"Bob Bob" wrote in message
...
Hi all.

No doubt I could get this reading lots and lots of text books. It might
however be interesting to air a discussion on it..

Have been reading the free space pathloss formula from the ARRL antenna
handbook;

Loss in dB = K + 20logf + 20logD

Where f is the freq in GHz and D is the distance in miles

K is a constant of around 96.6dB

I have known about a "fixed K" loss in an antenna system for ages. It even
made mention I think in this NG recently when talking about a passive
repeater system.
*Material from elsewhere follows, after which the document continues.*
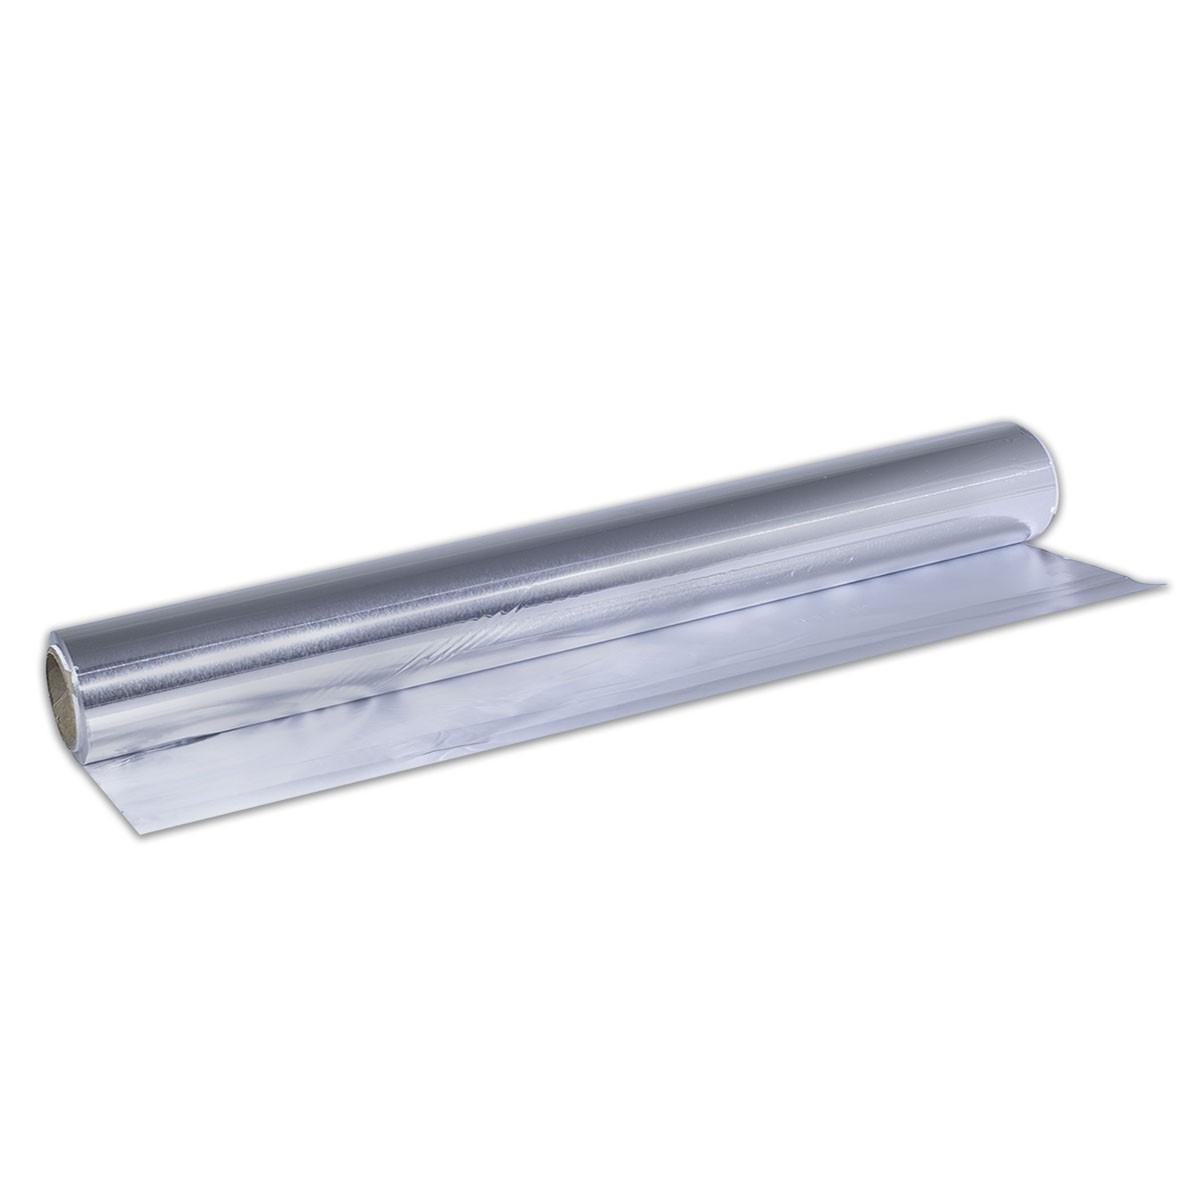 Aluminium Foil 37.5sqft - 20mic. | 24rolls

From my own exposure to path modelling (EDX/Pathloss etc)
I noted a very high dB loss per distance rate in the first (say) 100
wavelengths when looking at graphs of same. (I wasnt doing the actual job,
just providing data to the engineer to compare measured with predicted.
Fascinating stuff!)

What I wonder is where roughly does the 96dB odd "come from". More
interestingly can it be reduced by any appreciable amount. Is it maybe a
antenna to "air" coupling loss, maybe even that a RX antenna cant possibly
extract all of the energy from the wave as it goes past. I would
appreciate any input on this.

My initial forays (as a young ham) into LOS paths went through the
isotropic/point source radiators and looking at the surface area of the
covered "sphere" containing all of the radiated power idea. Then the RX
antenna "aperture" area was used to calculate the actual received power.
Needless to say it never met the actual measured values!

Cheers Bob VK2YQA (in W5)

Take the ratio of the destination antenna aperture (0.13*lambda^2 for a half
wave dipole), to the surface area of a sphere, of a radius equal to the
distance between the source and destination antennas (i.e. Pr/Pt). The
assumption is that the source is isotropic. Massaging the above expression
will produce a constant and the sum of two logs.

Regards,

Frank